Raw data |
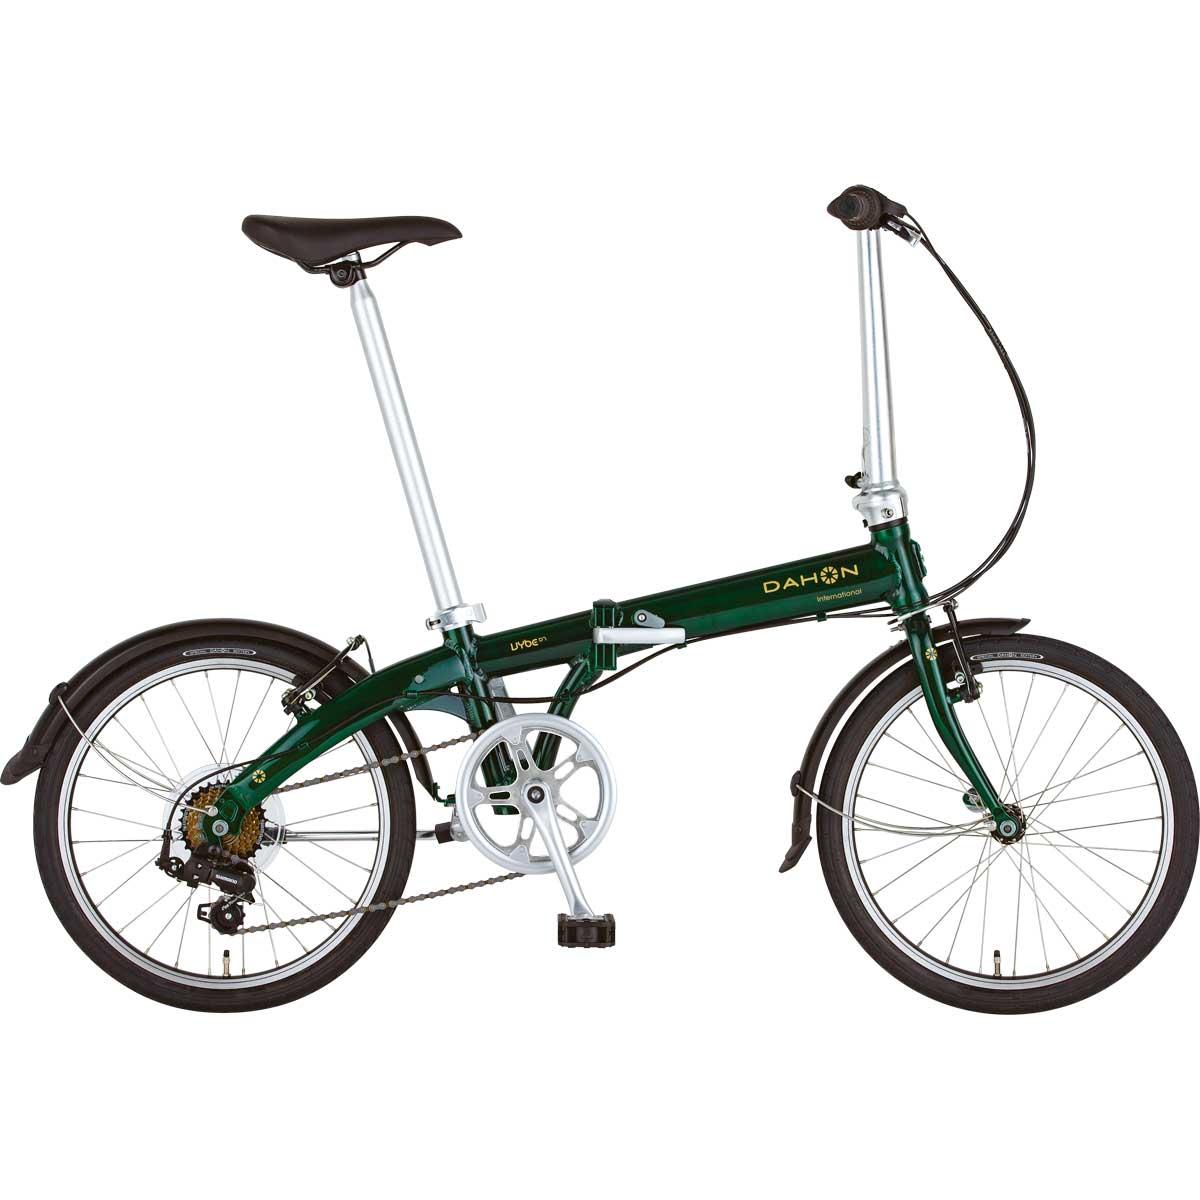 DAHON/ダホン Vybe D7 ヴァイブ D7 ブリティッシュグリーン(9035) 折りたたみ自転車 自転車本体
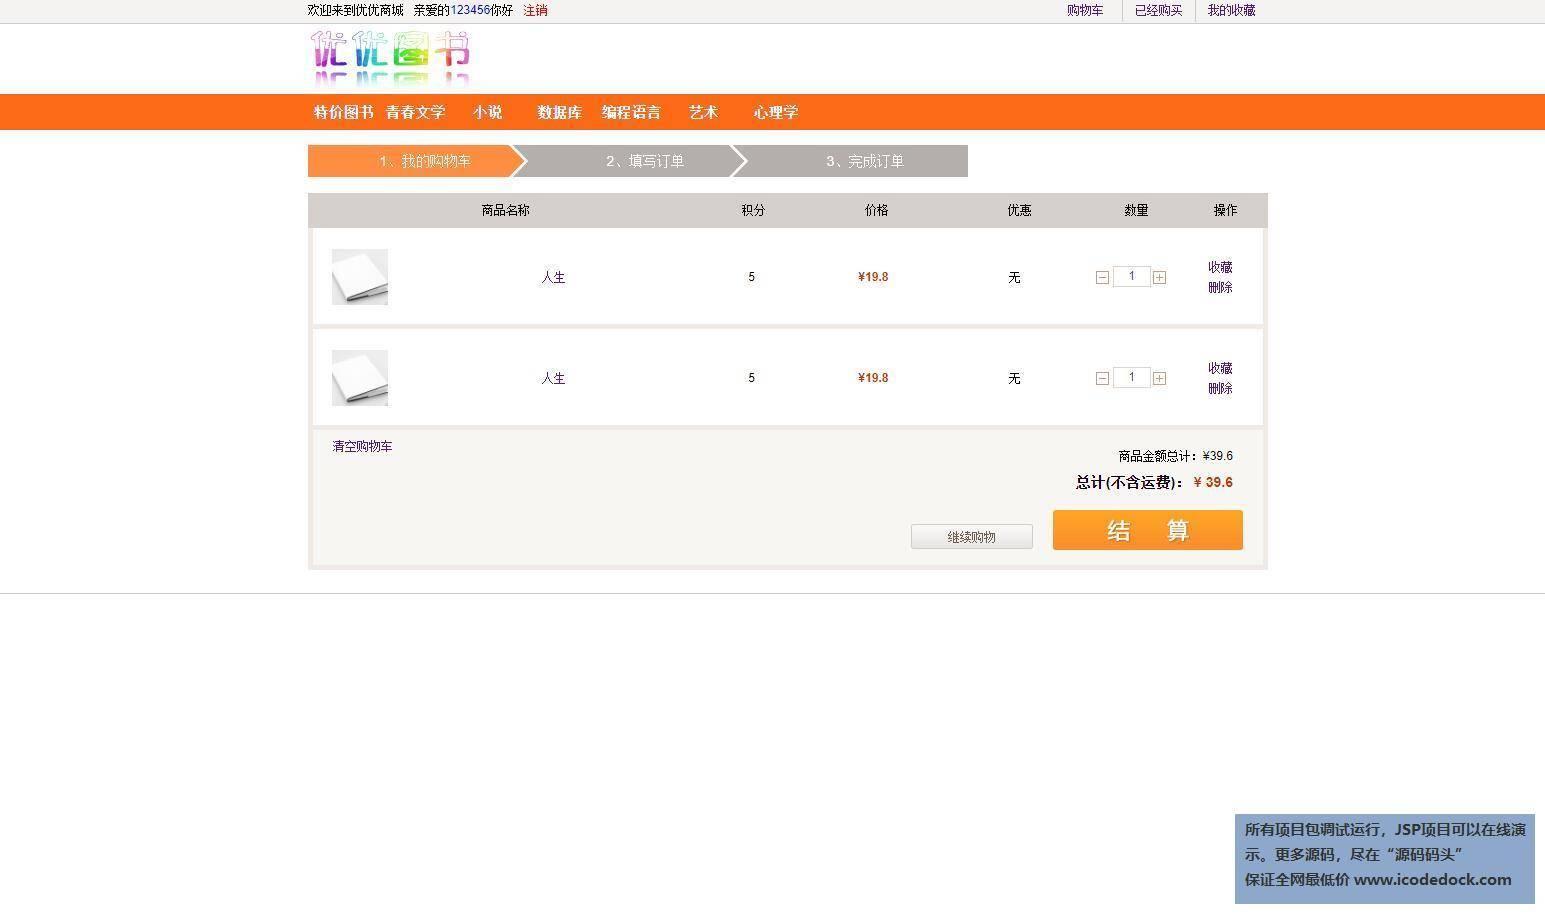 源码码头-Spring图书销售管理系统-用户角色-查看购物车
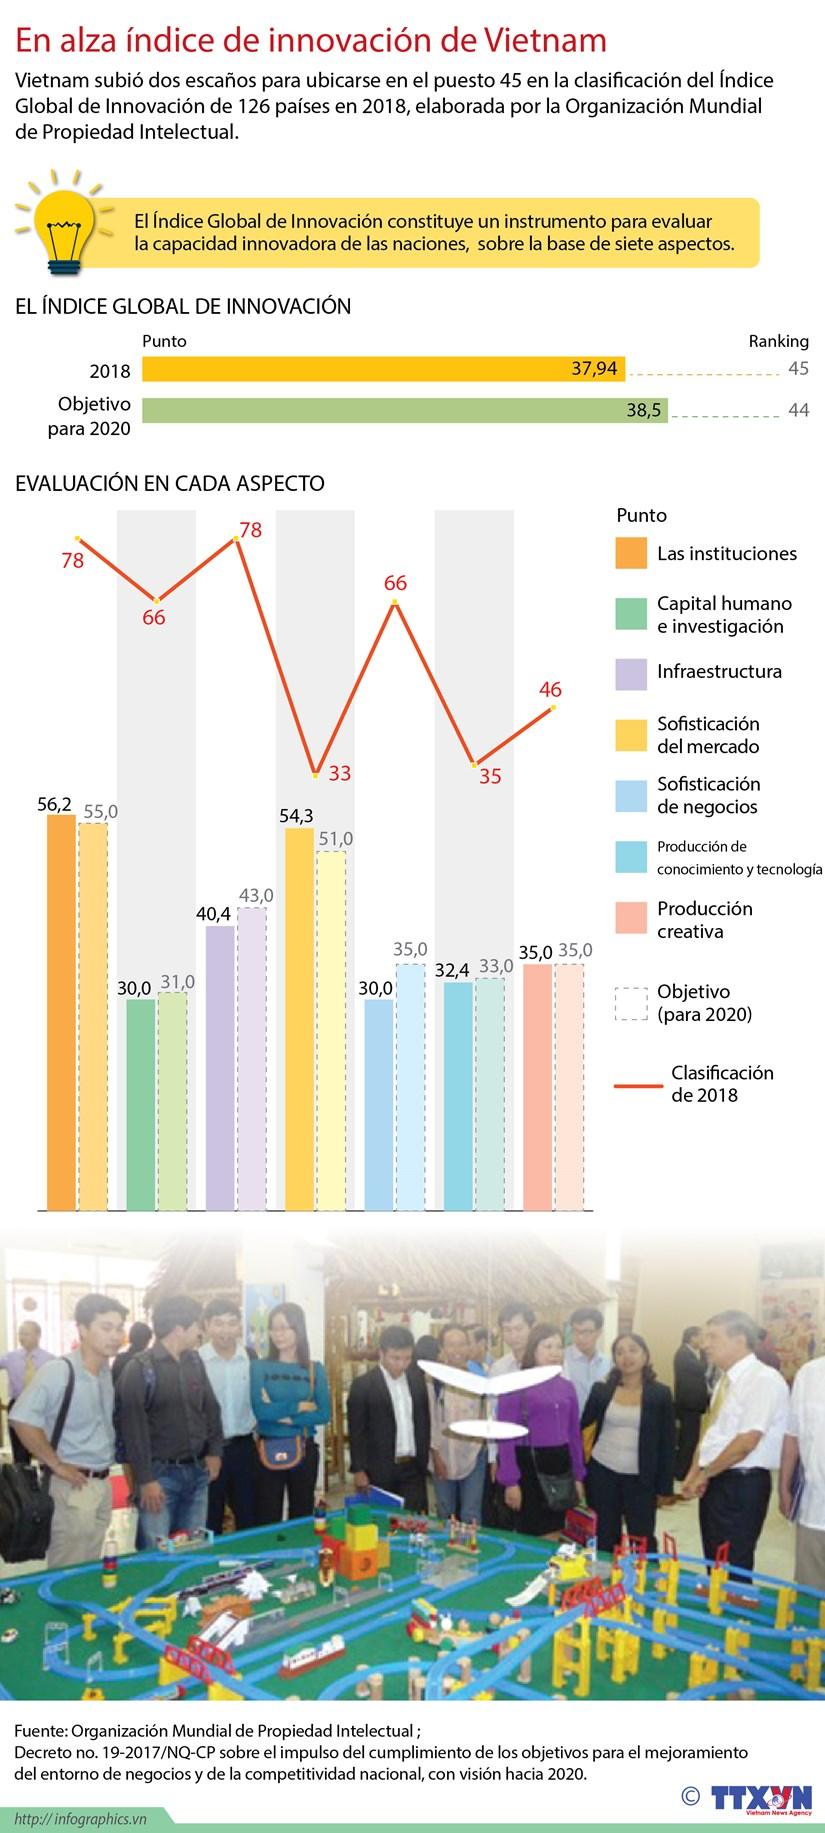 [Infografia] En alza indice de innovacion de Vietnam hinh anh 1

Work to be completed |
Write out the material above again, word for word, minus its pictures.

Expected answer |
 DAHON/ダホン Vybe D7 ヴァイブ D7 ブリティッシュグリーン(9035) 折りたたみ自転車 自転車本体
 源码码头-Spring图书销售管理系统-用户角色-查看购物车
 [Infografia] En alza indice de innovacion de Vietnam hinh anh 1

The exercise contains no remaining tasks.